Room For Improvement…

Define the term “softie” to me…
it is someone that falls in love with a stray animal the moment they see them?
is it someone that can’t control tears welling up in their eyes as they watch The Voice because they love watching dreams come true?
is it someone that forgets they hate endurance running at a 24HR event because they are so moved by the people?
It’s a good thing, right?

Well, I’m definitely a sap… I love the idea of romance and the magic of love. I adore animals and that certainly includes Baghera, the black cat I found last Friday.

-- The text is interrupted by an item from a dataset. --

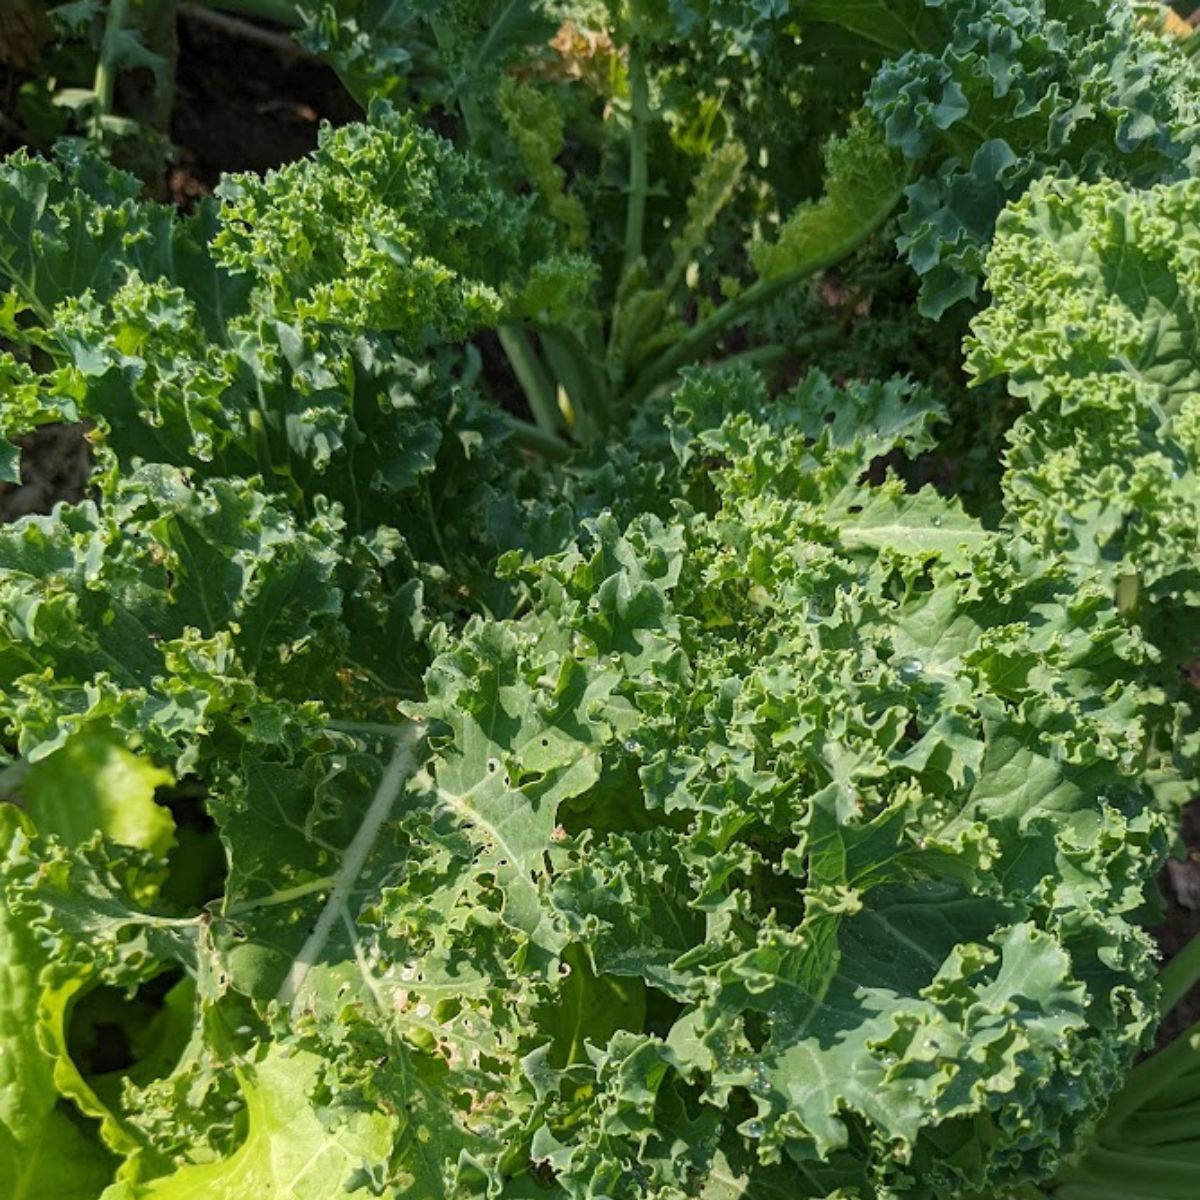 Kale growing in the garden
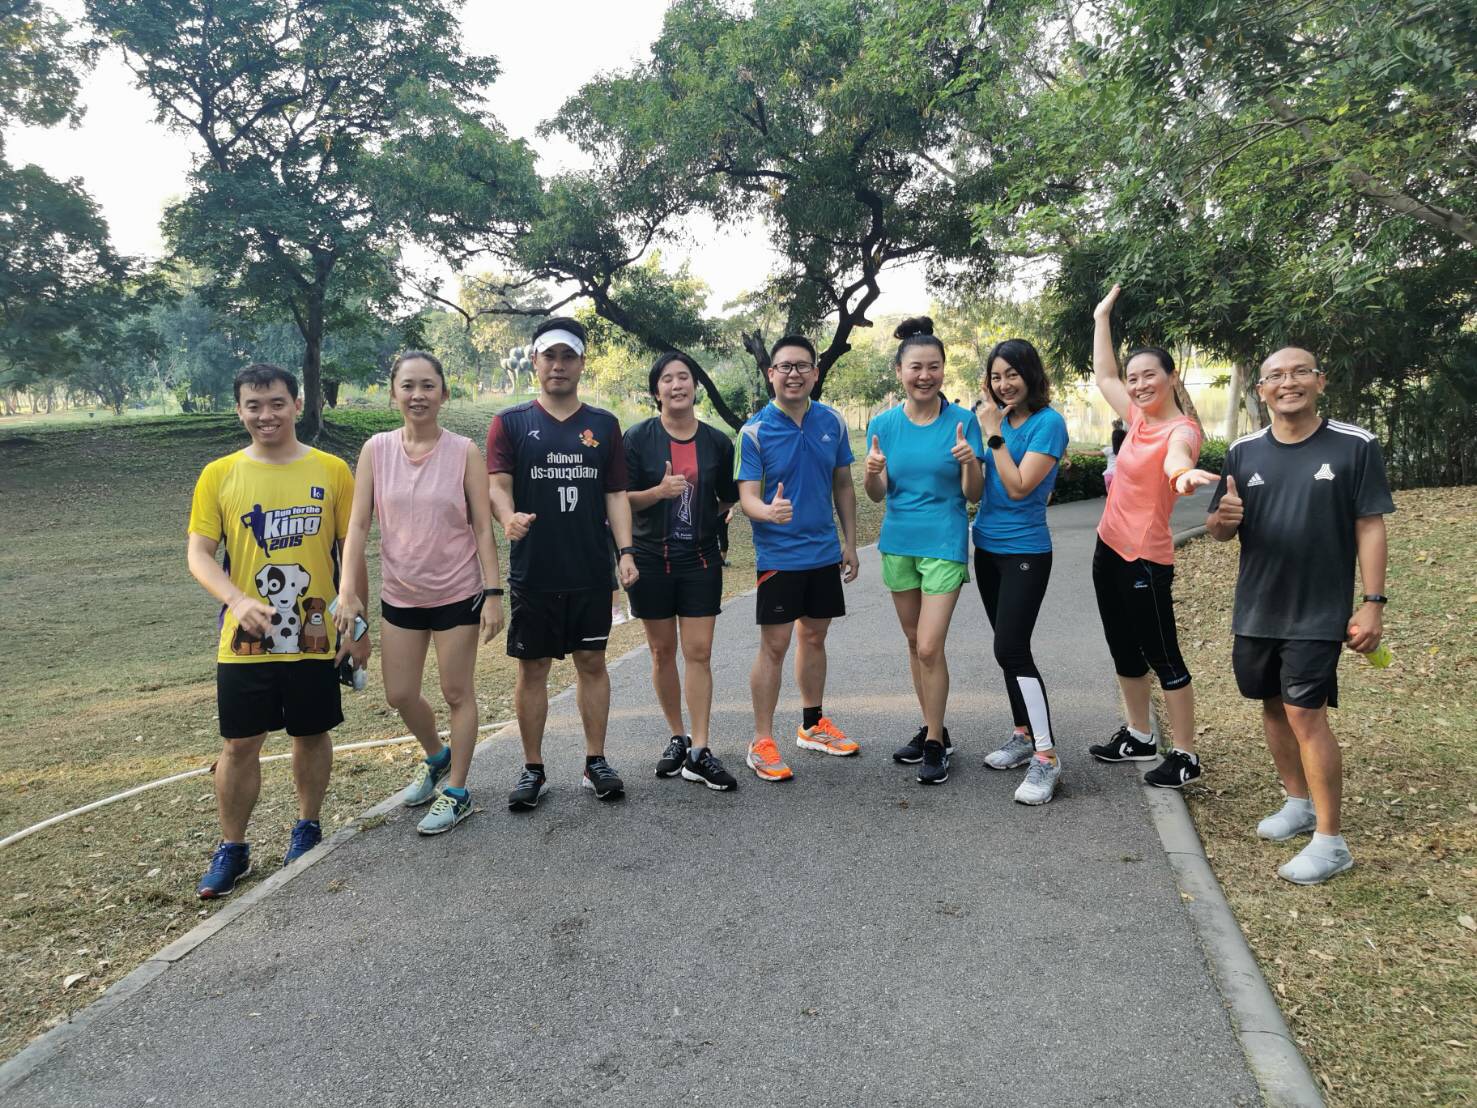 นางนวนันทน์ เนติธนากูล ผู้อำนวยการสำนักฯ ร่วมวิ่งเพื่อสุขภาพภายใต้โครงการ "ชวนกันวิ่ง" ครั้งที่ 5

He’s an attention whore and he loves Roxanne, my lab. Roxanne, I’m relatively certain, wants to eat him. However, I’m almost embarrassed by how incredibly soft I am sometimes.

Passionate…
Kind…
Patient…

all good characteristics… and yet on the average day, my phone is quiet… I bond with my pets (this does include talking to them of course) and suffer with my ADHD unable to accomplish much of anything.

I am awkward, lack confidence, and have serious issues remembering names, places, and things said. I make a terrible friend and therefore, I have few. I don’t ever text first. I don’t call because somehow talking on the phone has become awkward to me. Skype and facetime? forget about it unless it’s my husband.

You tell me about your surgery coming up in 2 weeks and unless I write it down on my planner, I will forget.
I neglect to look at my planner most of the time because I suck at time management. I work, I sleep, I eat, I sweat, and I think. That’s essentially my life.

4/5 days this doesn’t bother me.
but on the one day it does, the way my brain functions… it cripples me
I overanalyze merely messaging a friend to say hello.

Today I will begin a step towards changing that.

Who cares if the conversation is short? That’s not the point
The point is to say hello. To let someone know you care.
In fact… it’s almost better the more random it is!

How am I ever going to bond with other people if I don’t invite them out?
So what if I don’t get drunk and stay out late…
What’s wrong with grabbing coffee or catching a movie?
or inviting someone to come to yoga?
If I am always told no, nothing changes…
but! there is a chance that someone, someday will say yes.

How am I ever going to bond with people if I don’t try…
Try to listen and retain information
Ask questions
Try to answer questions simply and without great depth initially. (Not everyone wants the whole story… if they are interested they will ask. That’s something I struggle greatly with)
Try to be less judgmental of character than I am (definitely room for improvement since I’m no saint myself)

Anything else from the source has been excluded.